Genworth and Oceanwide announce significant progress toward acquisition funding

Genworth Financial and China Oceanwide announced that Oceanwide has reached a general agreement with Hony Capital on the key commercial terms and conditions of its $1.8 billion offshore financing plan to complete the acquisition of Genworth, and that Oceanwide has provided satisfactory information regarding its funding plan for the portion of the funds being sourced from Mainland China.

However, while Oceanwide has made significant progress towards finalizing its financing plan for the proposed transaction, it has not reached a final agreement with Hony Capital on all terms and conditions due to the logistical challenges presented by the global pandemic, including travel restrictions and mandatory quarantine requirements. These challenges have significantly lengthened the time required for Oceanwide and Hony Capital to hold in-person discussions to finalize these terms and conditions.

As a result of these delays, the parties also announced that they have agreed to a 16th waiver and agreement of each party’s right to terminate their previously announced merger agreement. The 16th waiver extends the previous deadline of September 30, 2020 to no later than November 30, 2020.

The duration of the extension was informed by both Oceanwide and Genworth’s expectation of further delays due to continued required travel and quarantine restrictions in the near-term. It also takes into account the upcoming Chinese national holiday, Mid-Autumn Festival, which will take place from October 1 through October 8. Negotiations between Oceanwide and Hony Capital will resume following this holiday.

Oceanwide has confirmed that Oceanwide’s existing financing arrangement for debt funding of up to $1.8 billion through Hony Capital has been extended through December 31, 2020.

The parties also agreed to an interim checkpoint on October 31, 2020, by which time Oceanwide needs to provide Genworth with satisfactory evidence that the necessary funding will be available to close the transaction by November 30. If Oceanwide does not deliver evidence satisfactory to Genworth by October 31, Genworth will have the right, in its sole discretion, to terminate the merger agreement on or after October 31, 2020.

“We have overcome many hurdles during the past four years, demonstrating time and again our unwavering commitment to this transaction. The COVID-19 pandemic has presented a unique set of challenges to deal-making that traditionally relies on face-to-face communications, which is why the additional time is necessary to finalize these remaining steps. Despite these latest challenges, we remain committed to securing financing for the transaction in order to close the transaction as soon as possible.” – Chairman of Oceanwide, LU Zhiqiang.

“As we extend the waiver and agreement again, it is important to remember that it wasn’t until the end of March 2020 that we received substantially all the regulatory approvals needed to close the transaction. That put Oceanwide in the difficult position of completing the funding process in the middle of a global pandemic. I recognize that this has been an extraordinarily long road to travel for our shareholders, regulators, employees and other stakeholders, and we greatly appreciate their patience. We are committed to continuing to work with Oceanwide to close the transaction because we believe that the transaction represents the best value for Genworth’s shareholders.” – Genworth president and CEO, Tom McInerney.

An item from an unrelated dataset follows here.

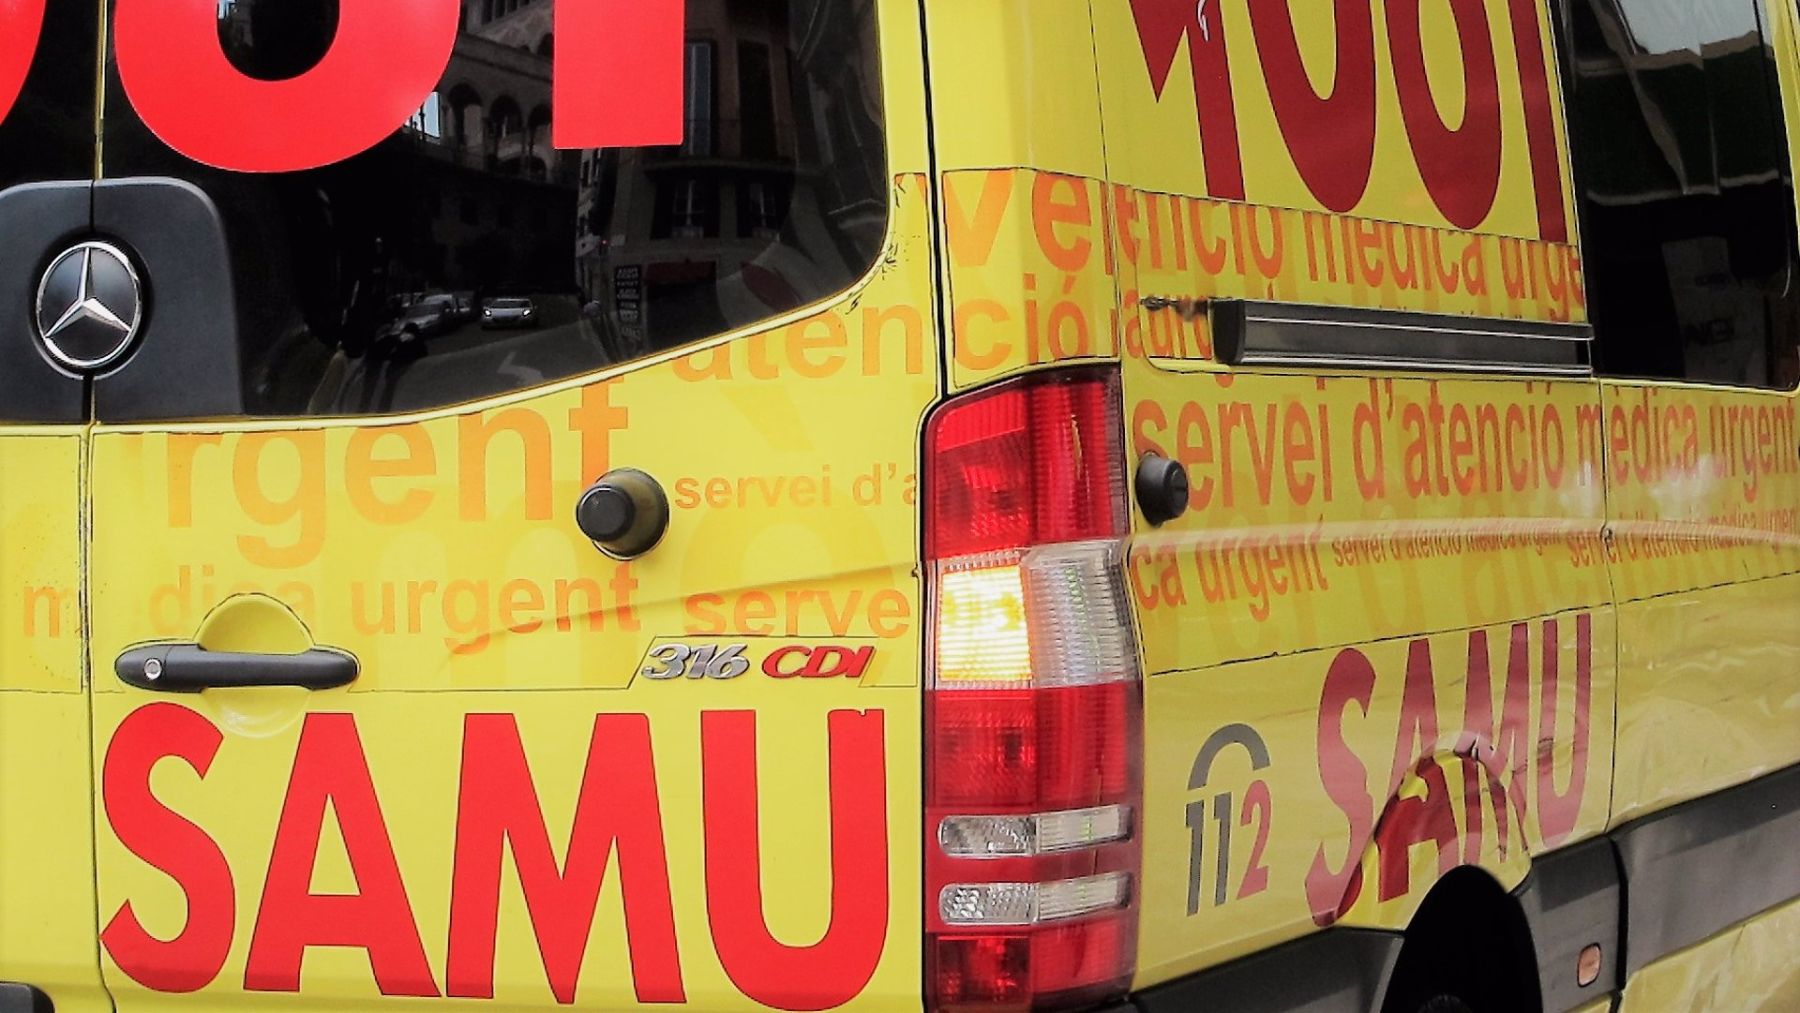 Una ambulancia del SAMU 061

The transaction had previously received all US regulatory approvals needed to close the transaction, subject to confirmation from the Delaware Department of Insurance that the acquisition of Genworth’s Delaware-domiciled insurer may proceed under the existing approval. The parties also are still in discussions with the GSEs about their previous approval of the transaction, and Oceanwide needs to receive clearance for currency conversion and transfer of funds from SAFE. With respect to other regulatory matters: FINRA has confirmed that the transaction may close under FINRA Rule 1017(c) prior to receiving its final approval and the North Carolina Department of Insurance issued a 90-day extension of its previously granted approval on August 11, 2020. All other required approvals and clearances have been secured.